Search the Water Register here

South Australia has a new Water Register.

You can search the Water Register for free, or for a fee, depending on what type of data you require. You do not require a login to search the new Register.

South Australia’s Water Register contains information about:

  • The water licences that have been issued to water users in South Australia and the holders of those licences.
  • The water rights (entitlements and annual allocations) that have been issued in South Australia.
  • Date of issue and/or expiry of those water right(s).
  • Details of dealings in relation to licences and water rights transfer.
  • Details of security interests (record of registration, name of security interest beneficiary, nature of the security interest); and
  • Permits and approvals issued in South Australia for water affecting activities, such as well and dam construction, works within a watercourse or floodplain, or discharge to a well, watercourse or lake.

The Water Register is administered in accordance with the Landscape South Australia Act 2019.

The water instruments recorded in South Australia’s Water Register are worth more than $8 billion.

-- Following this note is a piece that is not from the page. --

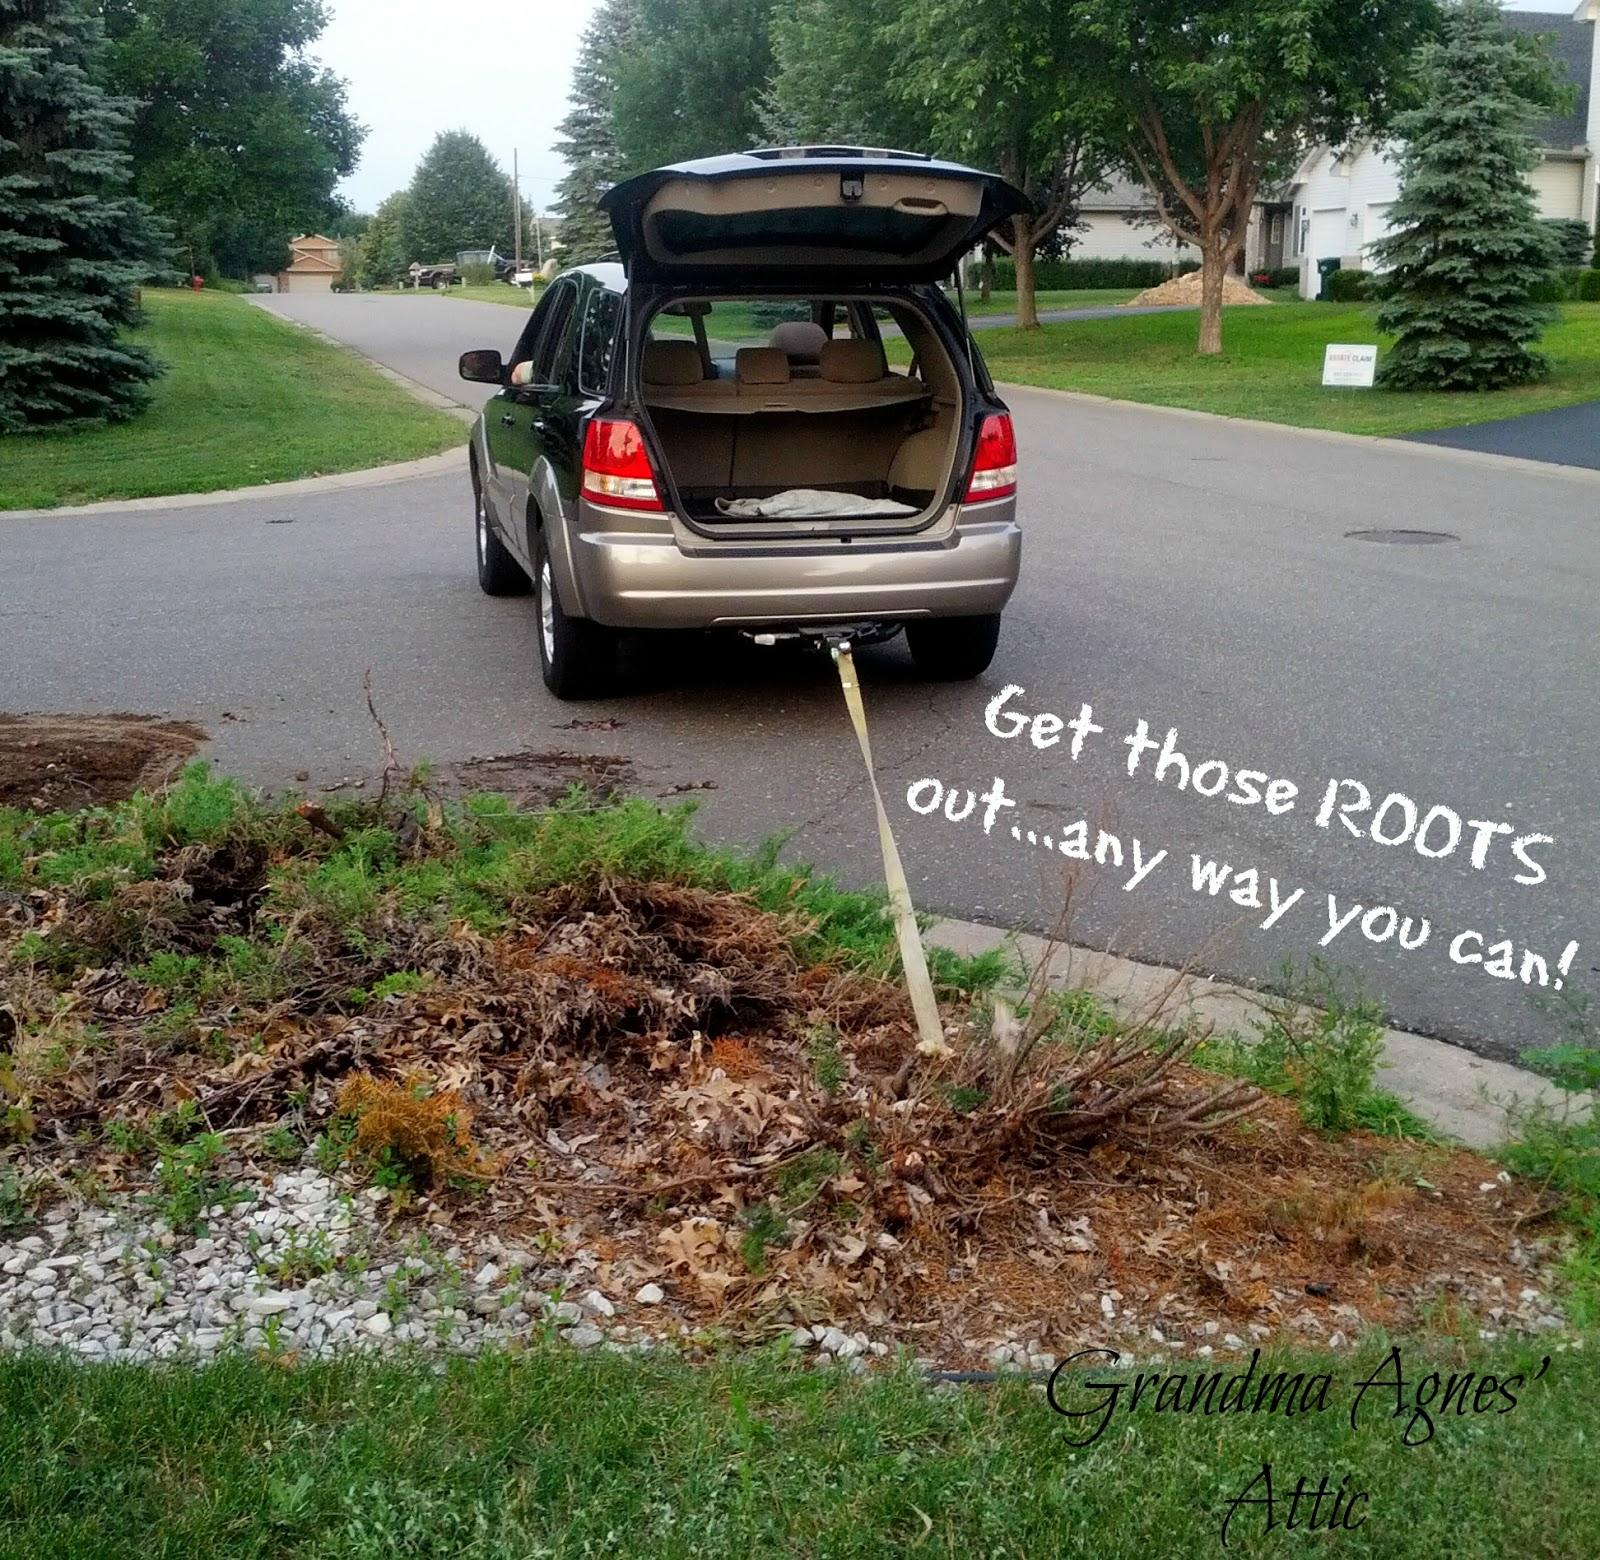 Grandma Agnes39 Attic Kids Bus Stop Landscaping Make Over

Landowners, government bodies and investors from across Australia hold interests in the water instruments recorded in South Australia’s Water Register. They are allowed to trade those instruments between themselves and with others, subject to compliance with the rules in place to ensure the sustainable management of South Australia’s water resources and the protection of South Australia’s ecosystems.

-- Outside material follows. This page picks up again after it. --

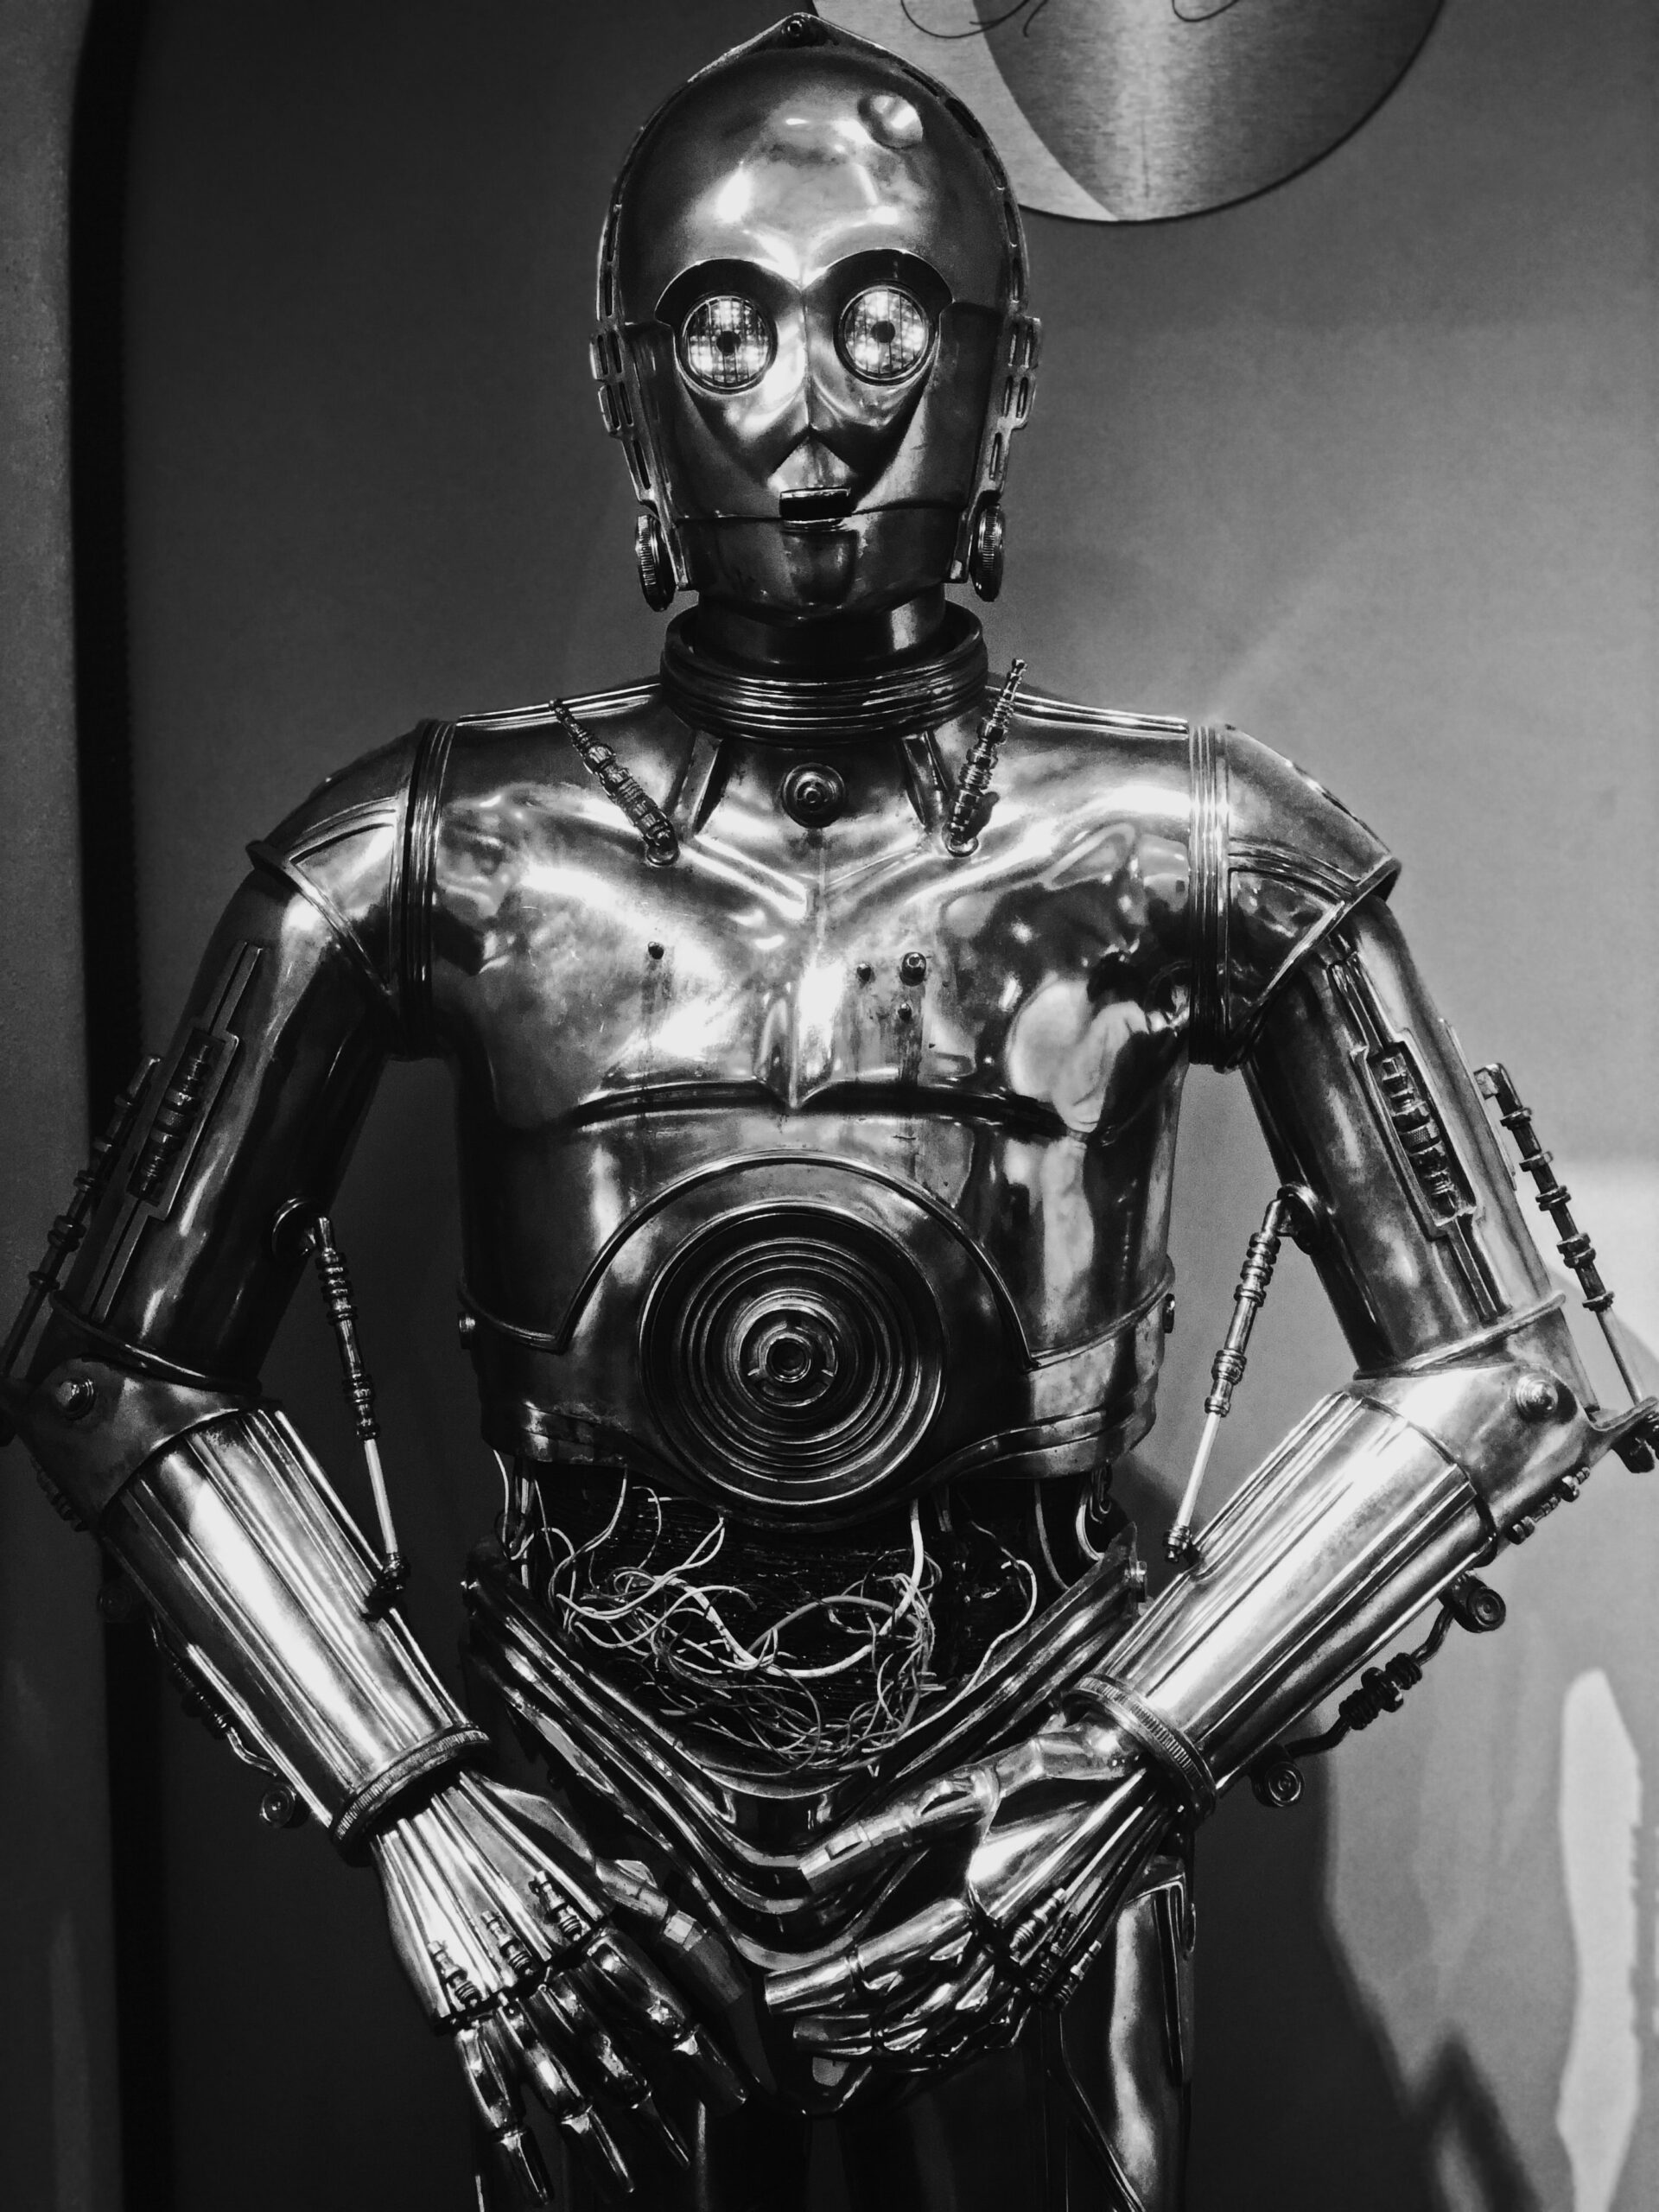 C-3PO by Nice M Nshuti on Unsplash

All of these stakeholders (and others, including scientists, researchers and policy makers working to find ways to protect our water resources and precious ecosystems) depend on the accuracy of the data in South Australia’s Water Register when they are making decisions that affect South Australia’s ecosystems and the people of SA.

Why have we upgraded the Water Register?

The new Water Register enables access to valuable water market data, aiding in the management of water assets for all water users and businesses. The upgrade also supports South Australia's compliance with the Murray-Darling Basin Plan, positions the state to deliver the Australian Government's water market reforms, and underscores South Australia's commitment to sustainable water resource management. This reform project for the Murray-Darling Basin is a collaborative effort, funded jointly by the Australian and South Australian governments and executed by the South Australian Department for Environment and Water.

New features

The locations of water extraction points and land parcels are now accessible via the Water Register and are displayed with maps. Users can easily determine the presence of any security interests against water licences recorded in the Water Register. Additionally, information on entitlement pools* is now available for most areas (not just the River Murray as it has been historically). The new search interface is much cleaner and consolidates all information into a single document, reducing the previous clutter and reliance on multiple hyperlinks.

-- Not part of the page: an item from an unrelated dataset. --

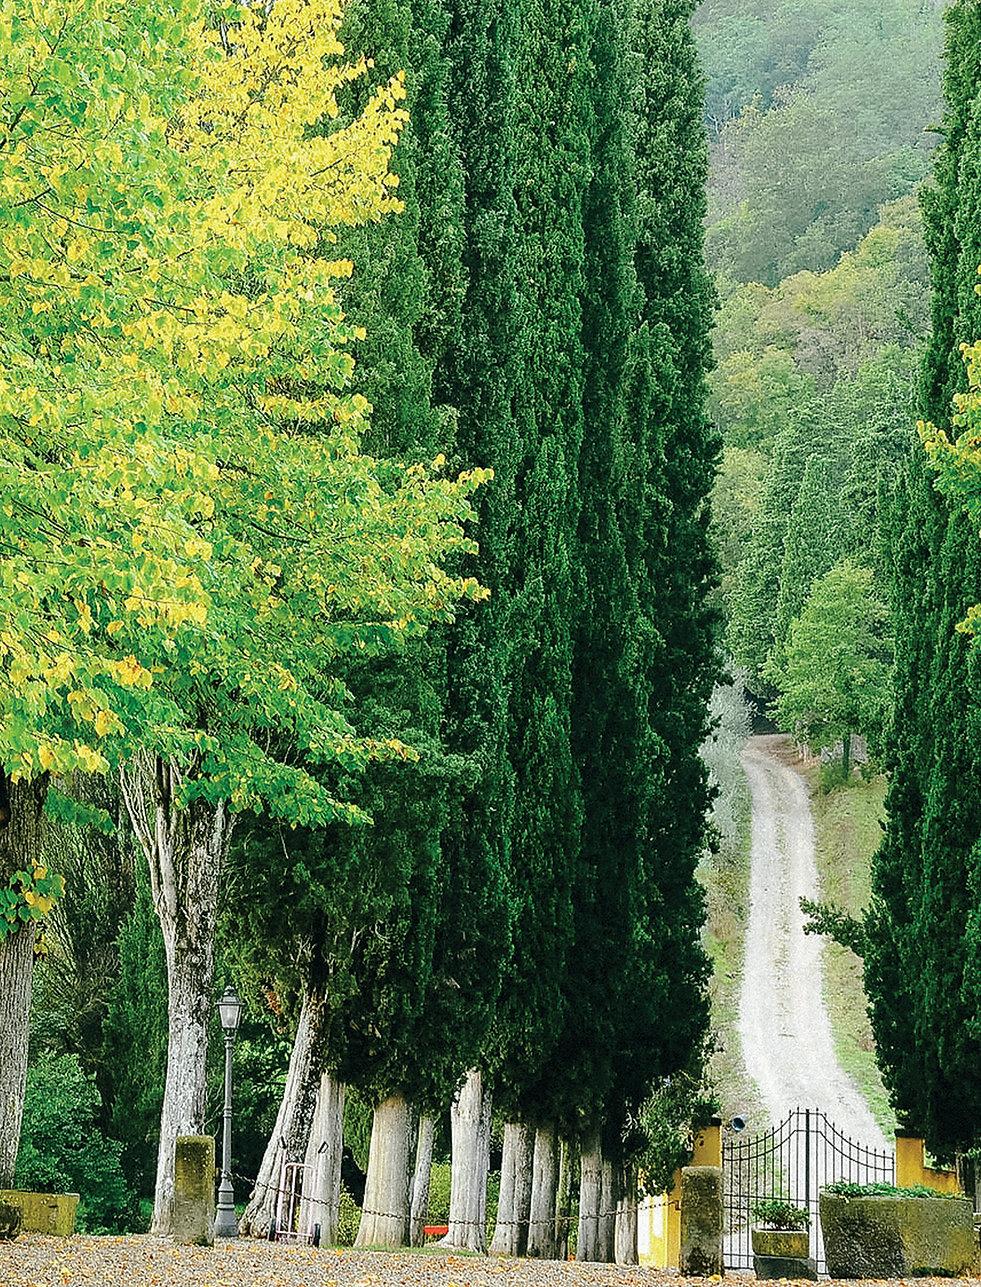 San Fedele, Italy

*Entitlement pools refer to the designated bodies of ground and/or surface water from which a license holder is permitted to draw water. This term encompasses various regional designations found in Water Allocation Plans (WAPs), such as "consumptive pool" or "management unit."

Consumptive pools are located in regions like the River Murray, Far North, Southern Basins, and Adelaide Plains. These areas may be partially or fully separated. Entitlements here are issued in "shares" rather than a fixed volume. Each year, a volumetric allocation is calculated based on these shares. For instance, if 1 share equals 0.9 kL for the year, and a licensee holds 10,000 shares, they would be allocated 9,000 kL for that year.

Management units or "zones" are used in most other areas and refer to specific aquifers, sections of watercourses, or all dams within a geographical region. In these zones, water entitlements are issued as a specific volume (in kL).